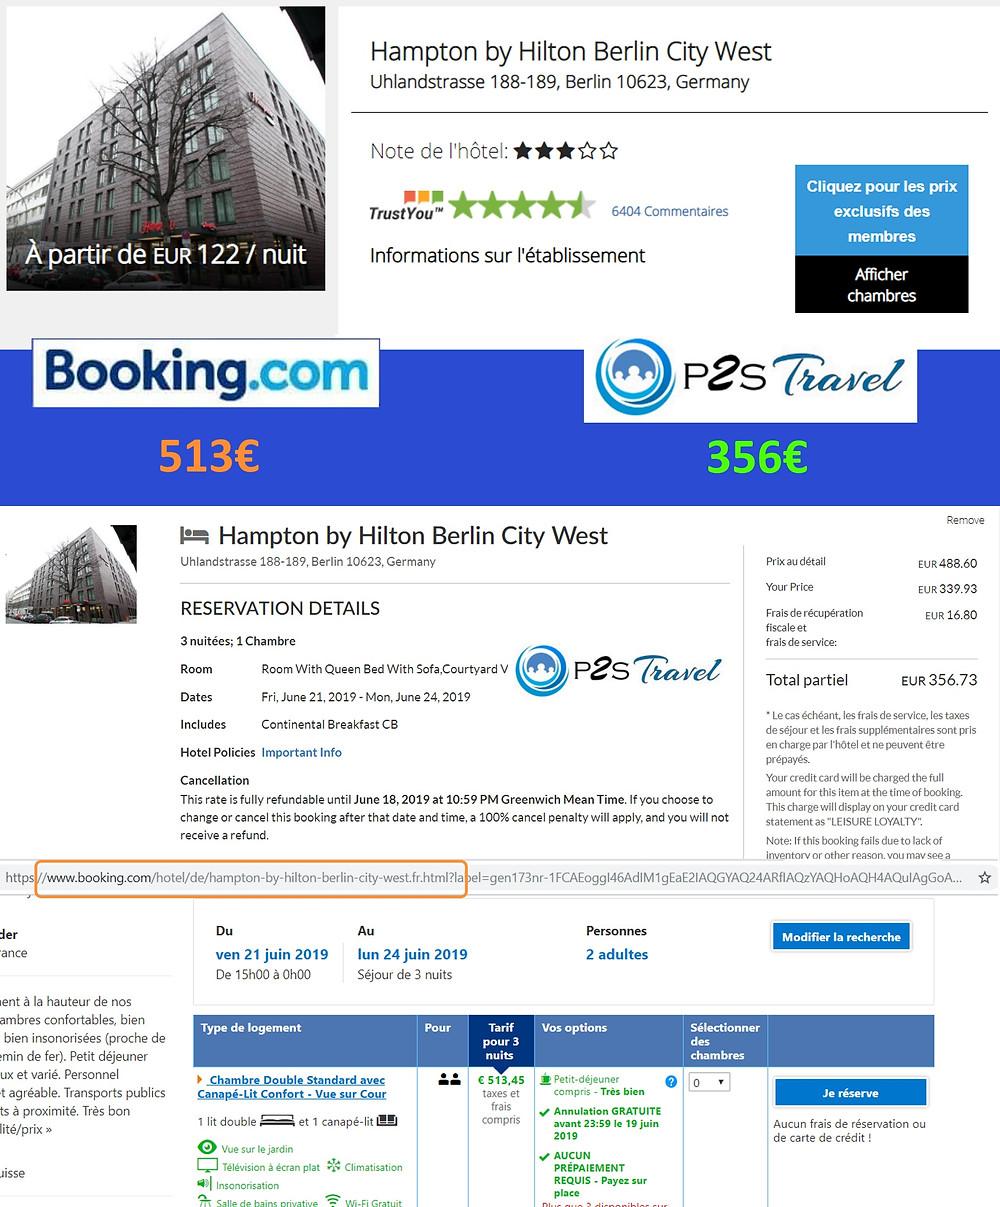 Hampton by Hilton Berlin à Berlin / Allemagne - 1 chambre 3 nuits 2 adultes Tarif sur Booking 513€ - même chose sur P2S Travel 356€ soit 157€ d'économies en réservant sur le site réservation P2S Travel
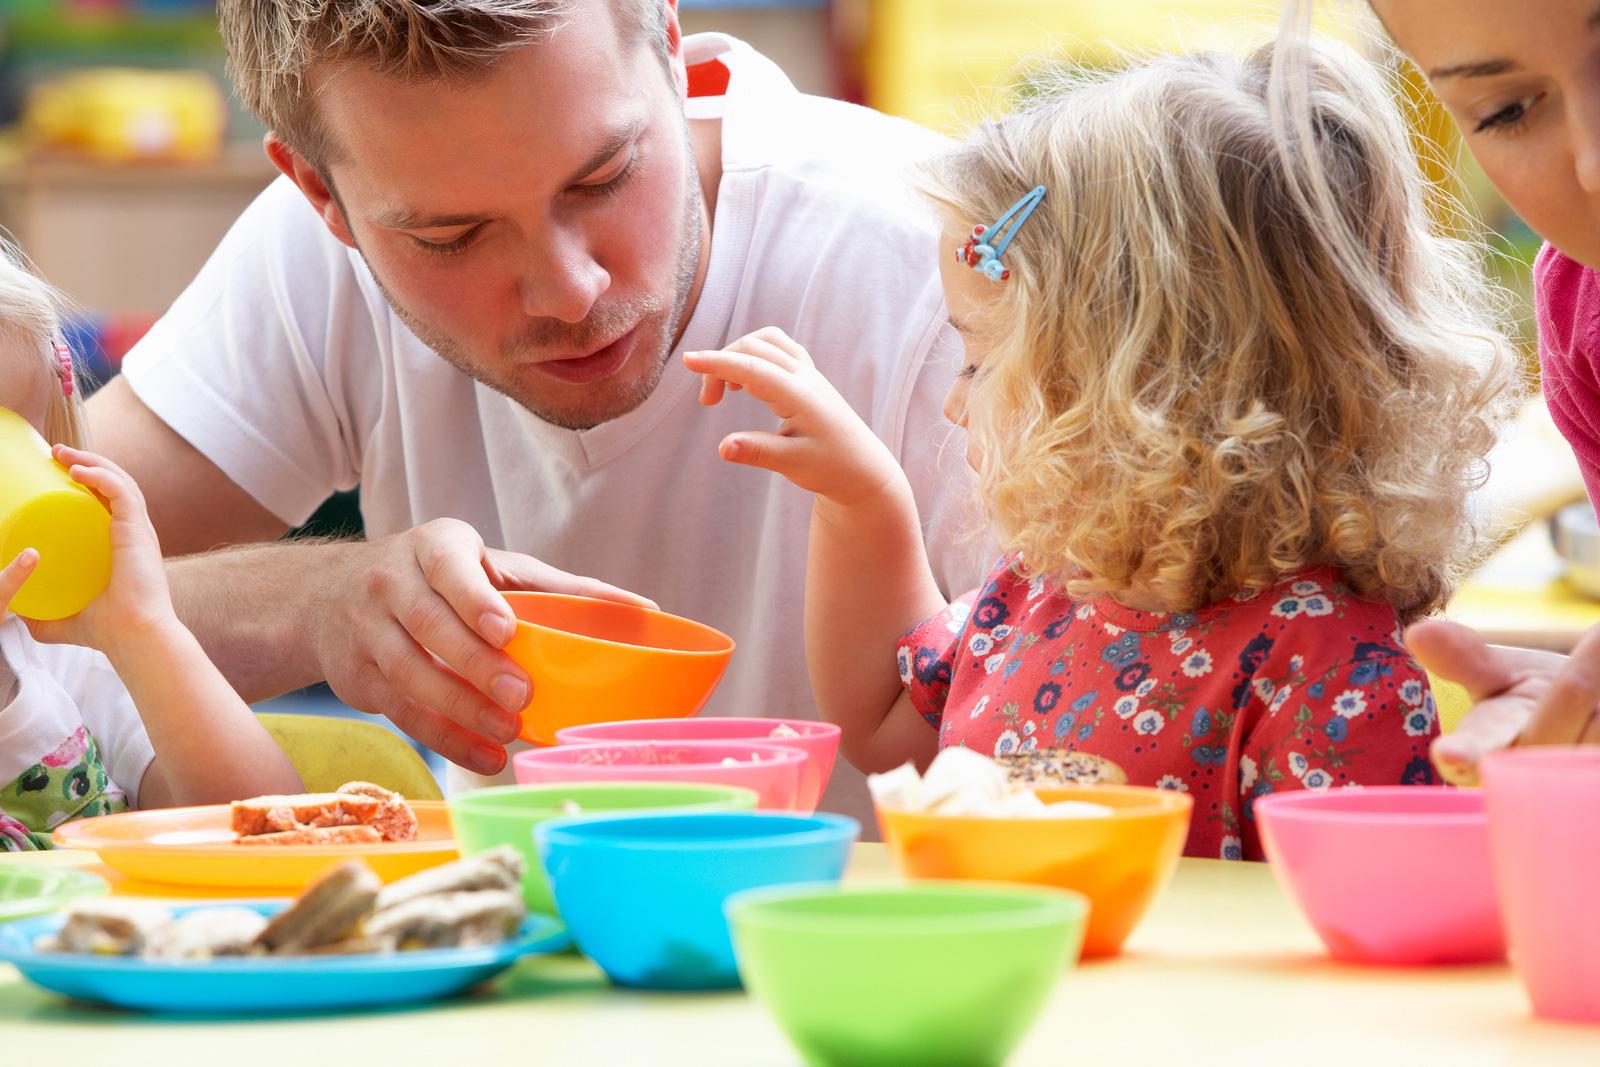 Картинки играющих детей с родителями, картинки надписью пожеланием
--
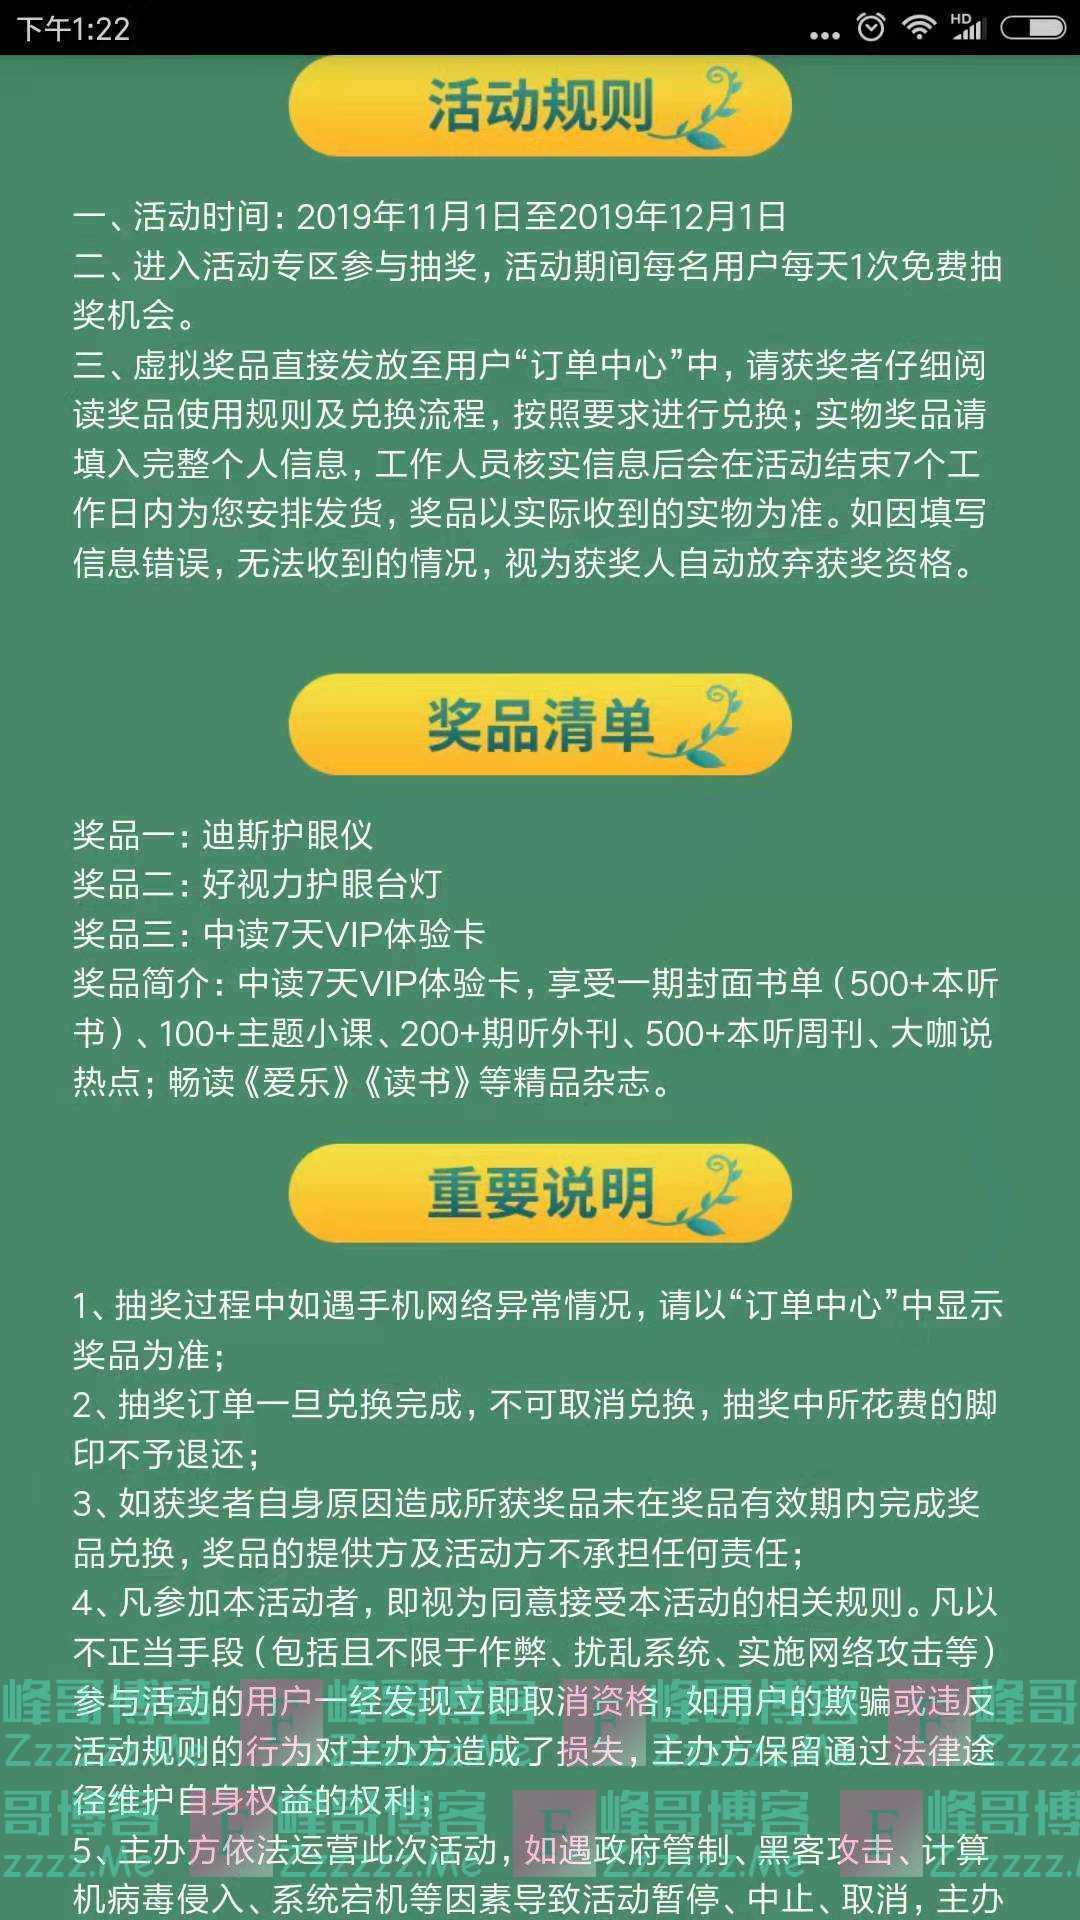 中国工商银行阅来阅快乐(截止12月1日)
---
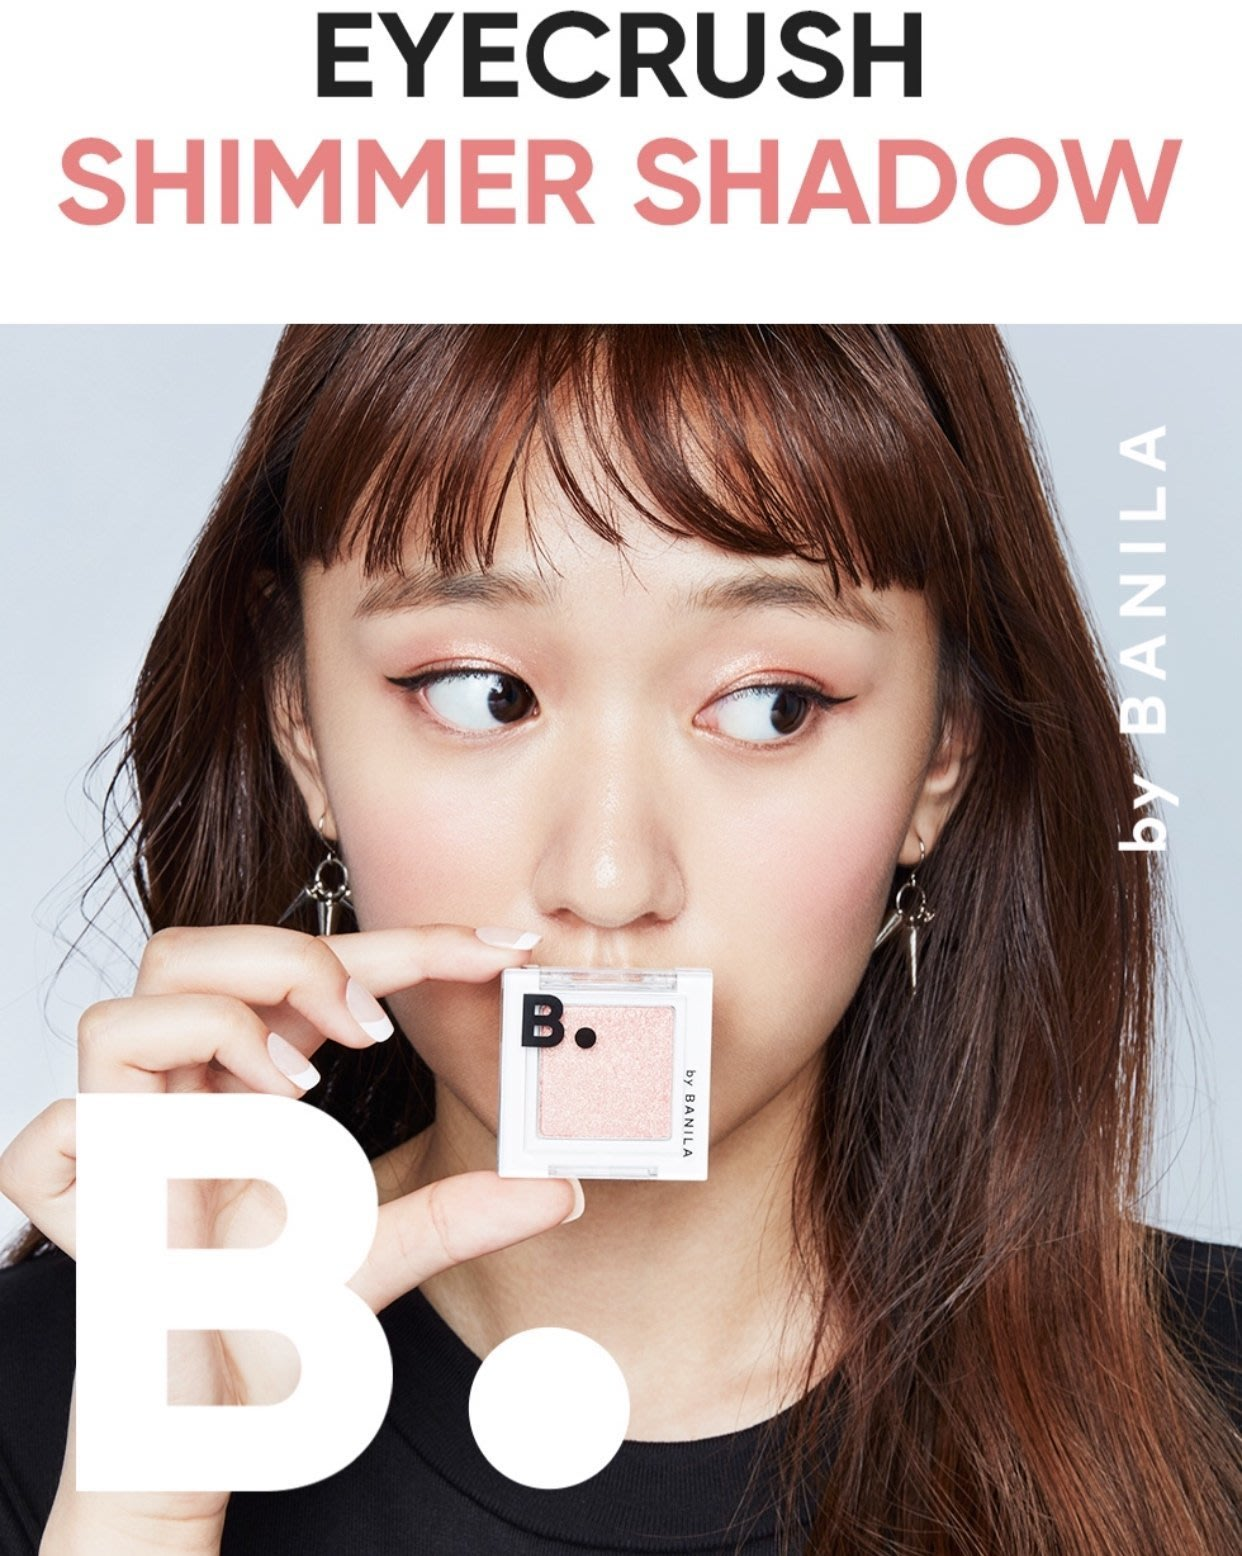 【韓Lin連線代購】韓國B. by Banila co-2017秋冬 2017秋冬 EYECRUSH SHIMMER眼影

[Work instructions]
I'd like the lines above repeated exactly, from the one that contains "Hampton by Hilton" through the one that contains "Картинки играющих детей", with no pictures.

[Exercise response]
 Hampton by Hilton Berlin à Berlin / Allemagne - 1 chambre 3 nuits 2 adultes Tarif sur Booking 513€ - même chose sur P2S Travel 356€ soit 157€ d'économies en réservant sur le site réservation P2S Travel
 Картинки играющих детей с родителями, картинки надписью пожеланием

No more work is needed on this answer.